• **Task description**: Each line in the material below, starting at the one that contains "1929 FEBRUARY 3" and ending at the one that contains "How to Become", should be repeated exactly; the pictures should not.

• **Source material**:
--- START ---

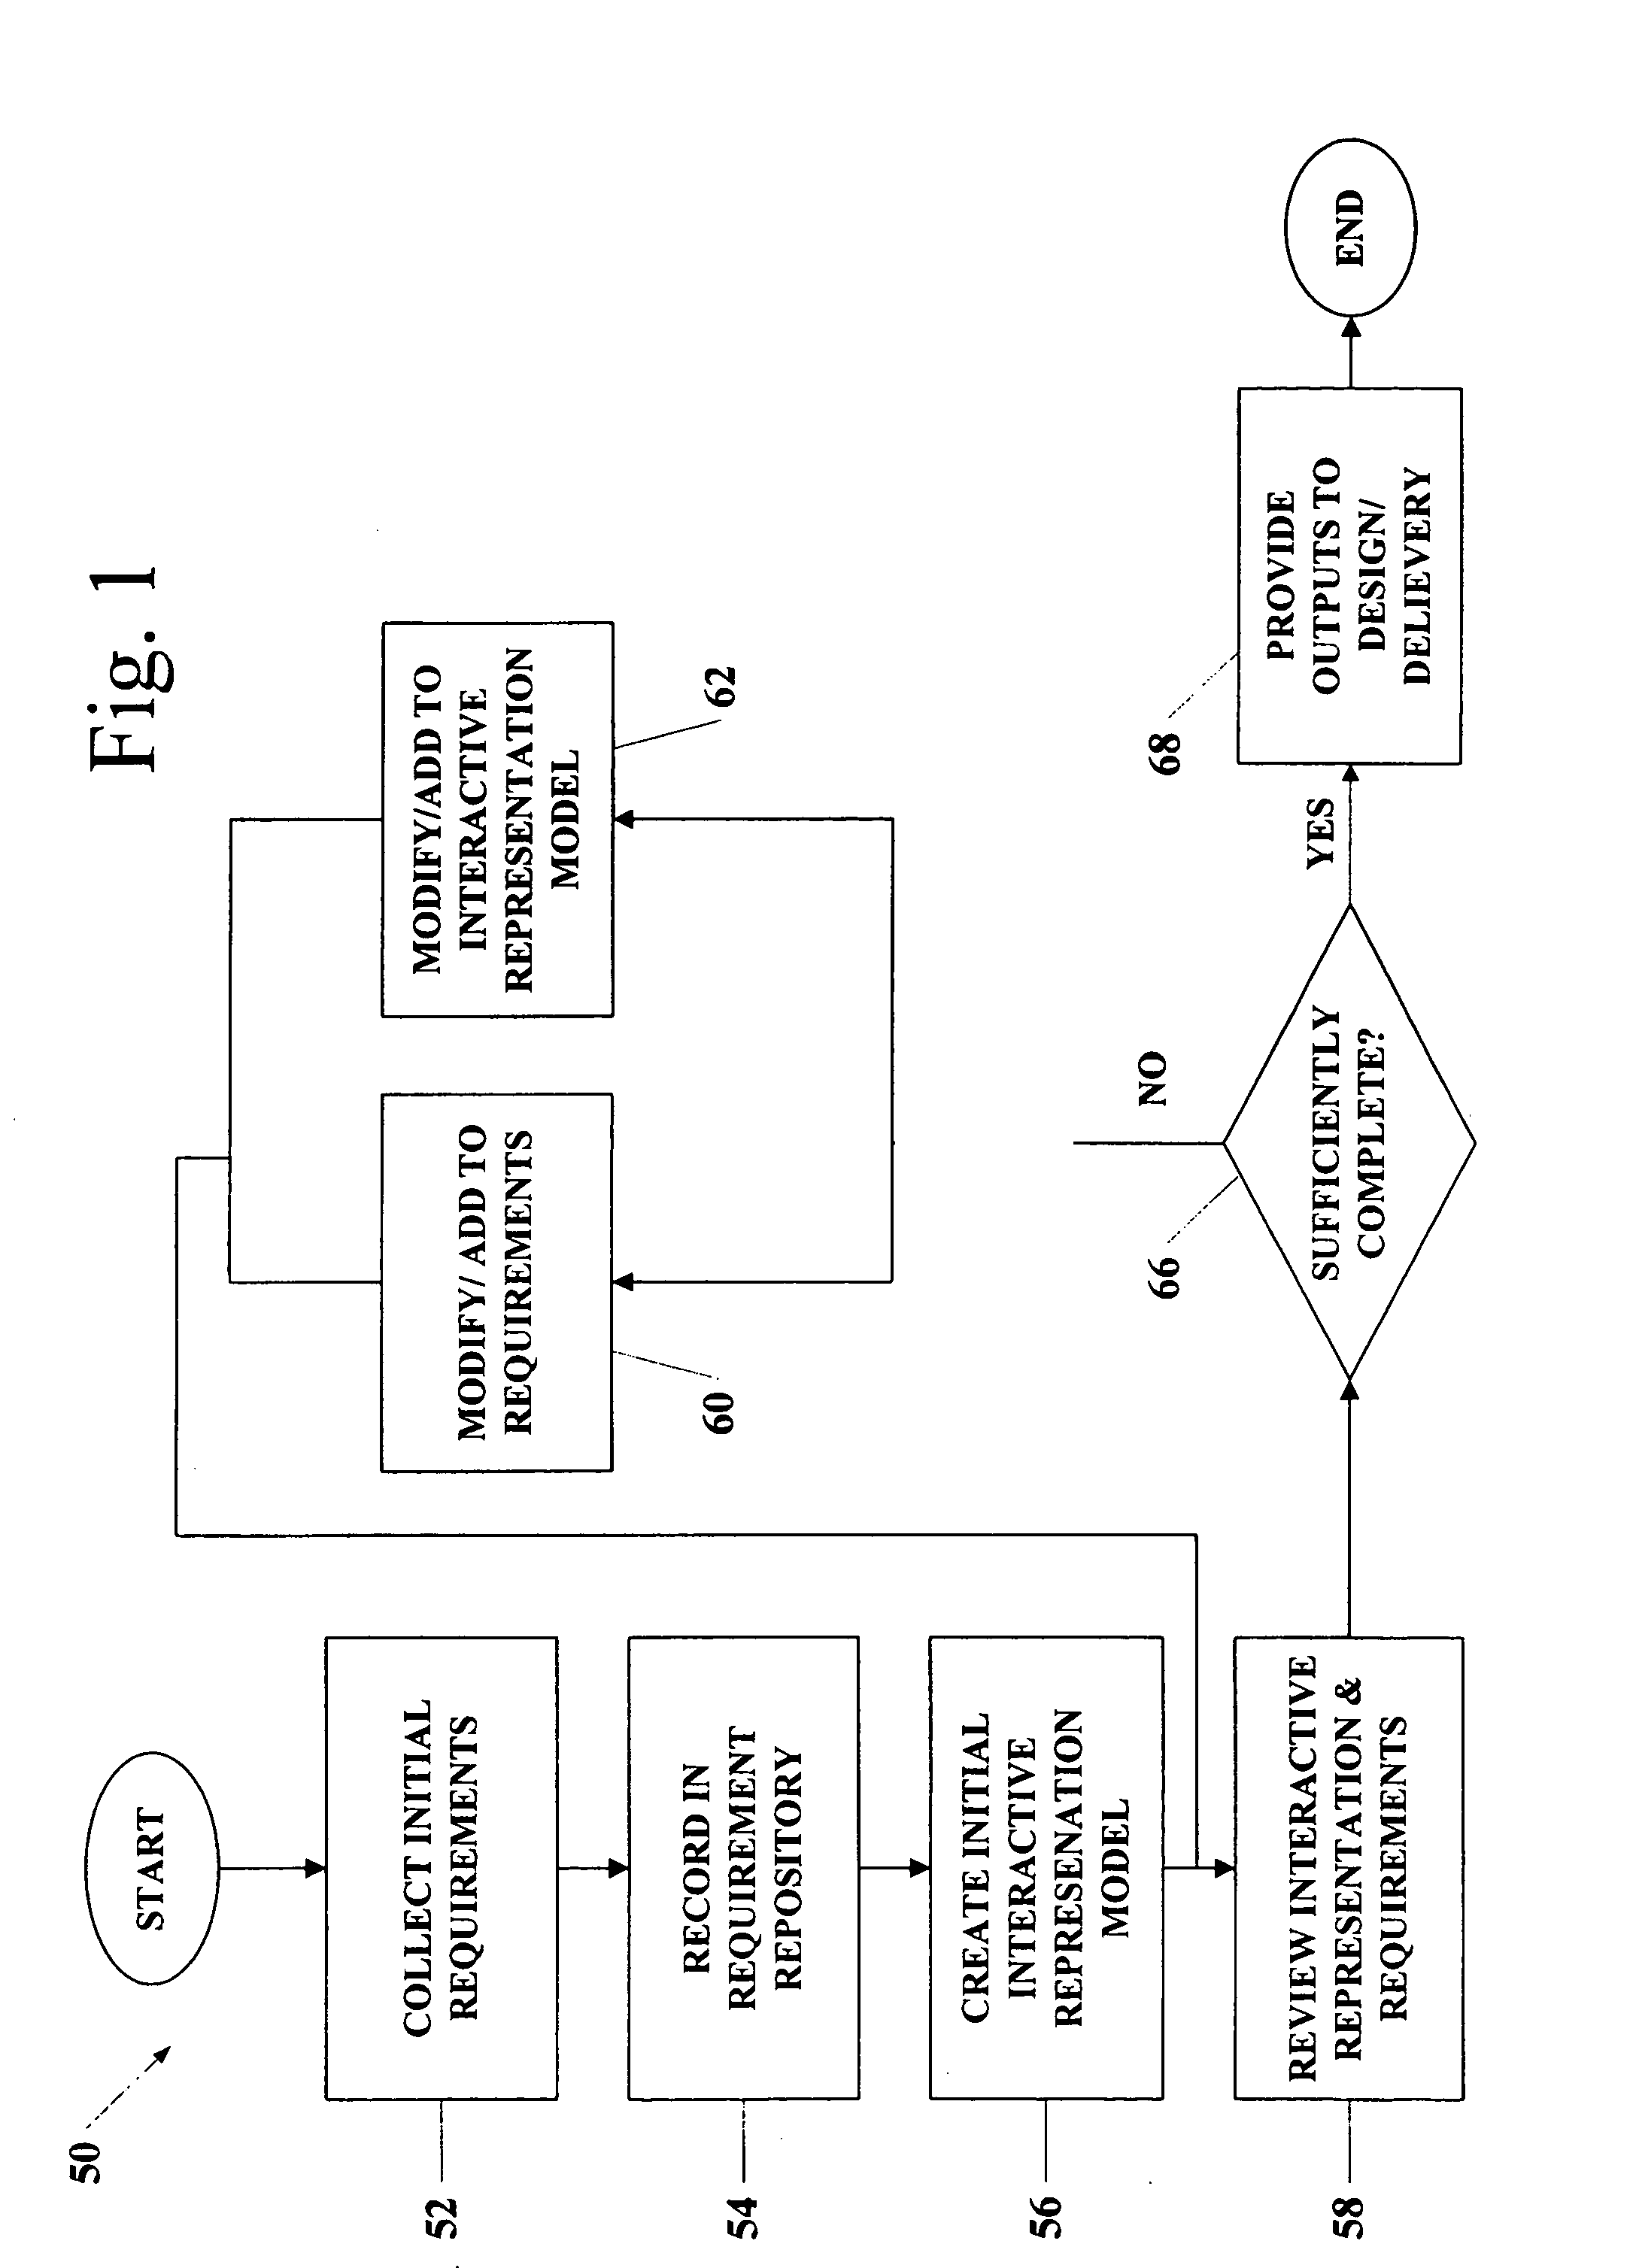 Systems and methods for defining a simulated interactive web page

--- END ---
--- START ---

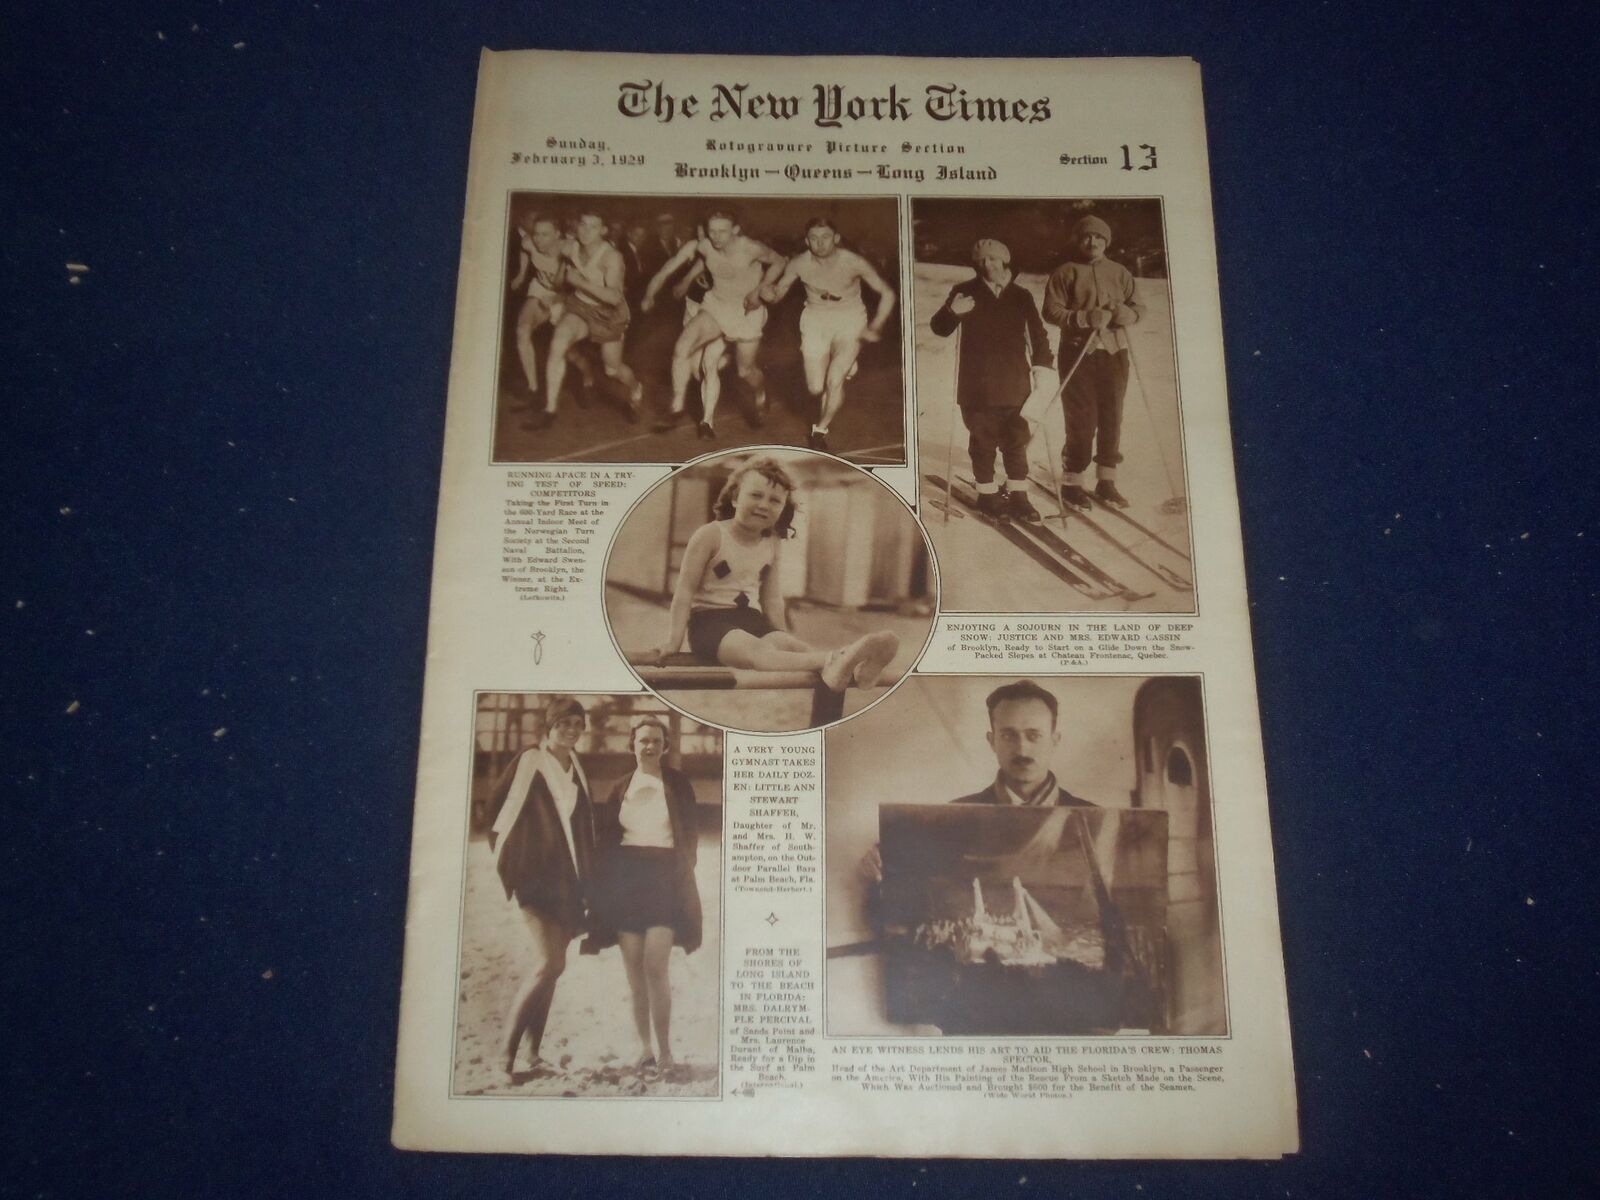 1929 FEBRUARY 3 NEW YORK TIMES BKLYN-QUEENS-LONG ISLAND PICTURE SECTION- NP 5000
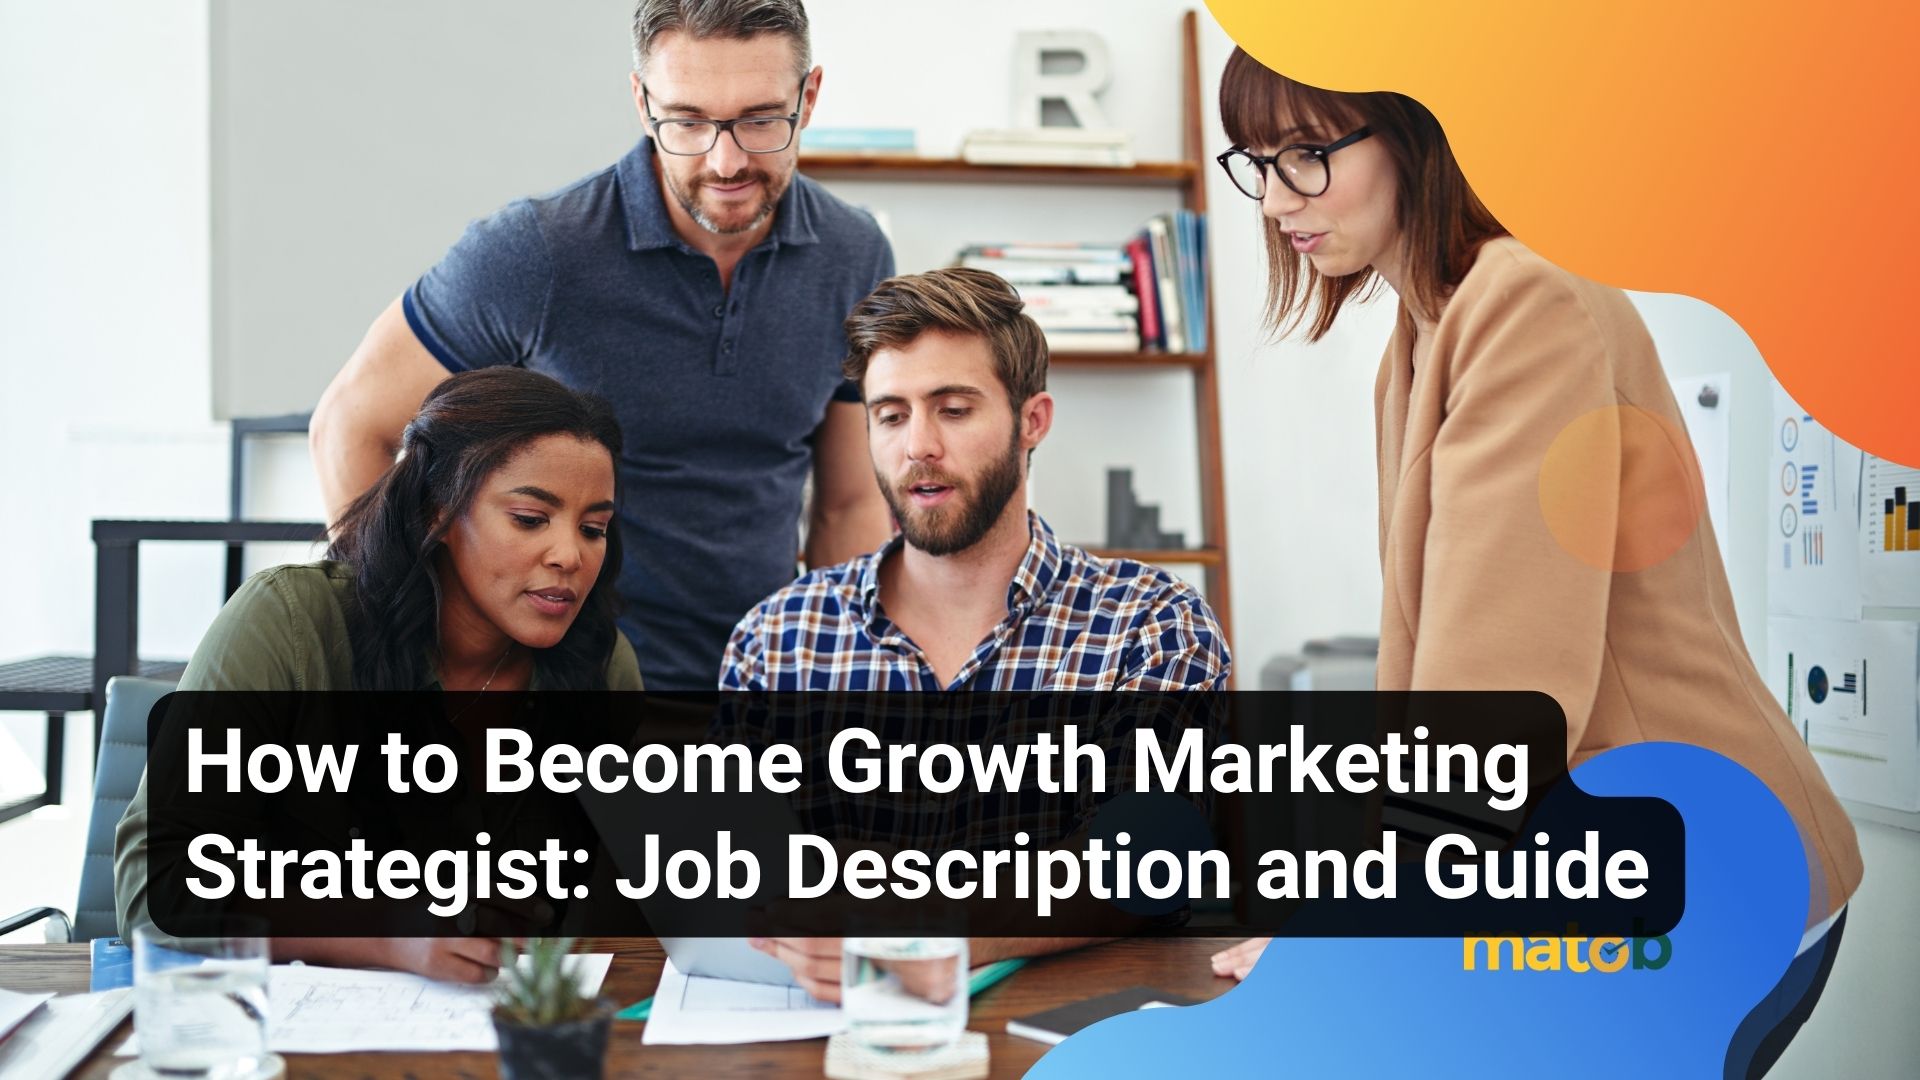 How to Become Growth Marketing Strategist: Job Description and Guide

--- END ---
--- START ---

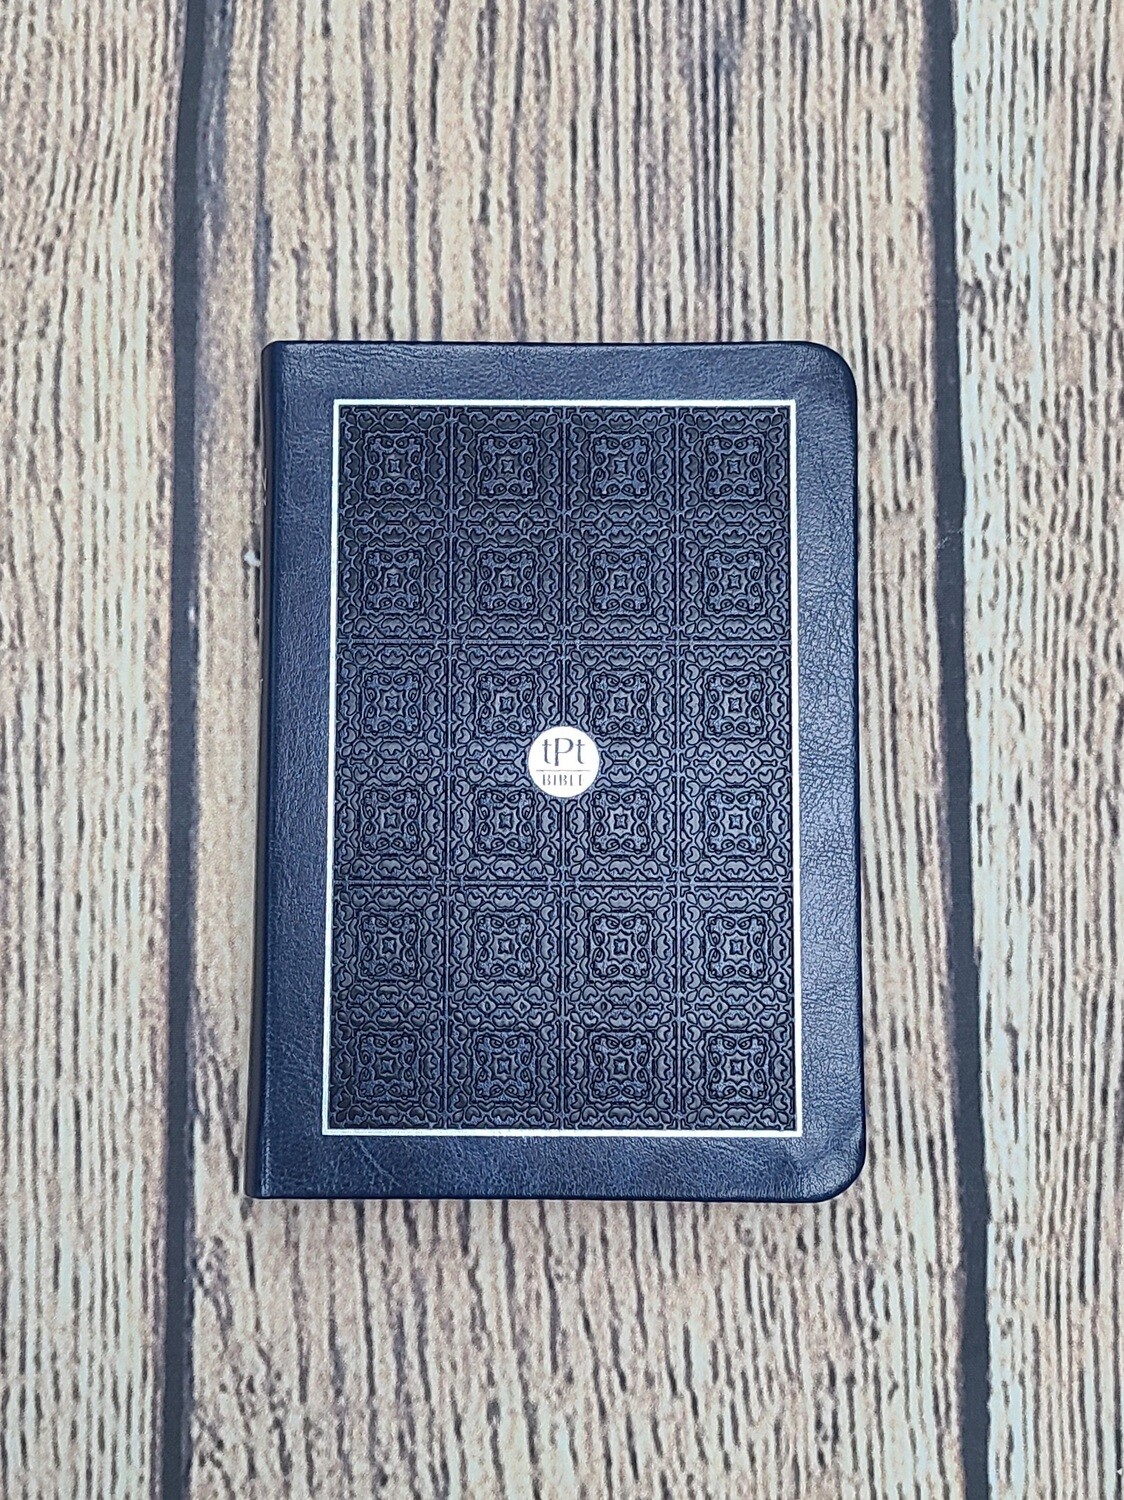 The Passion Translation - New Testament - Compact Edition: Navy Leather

--- END ---

• **Finished exercise**:
 1929 FEBRUARY 3 NEW YORK TIMES BKLYN-QUEENS-LONG ISLAND PICTURE SECTION- NP 5000
 How to Become Growth Marketing Strategist: Job Description and Guide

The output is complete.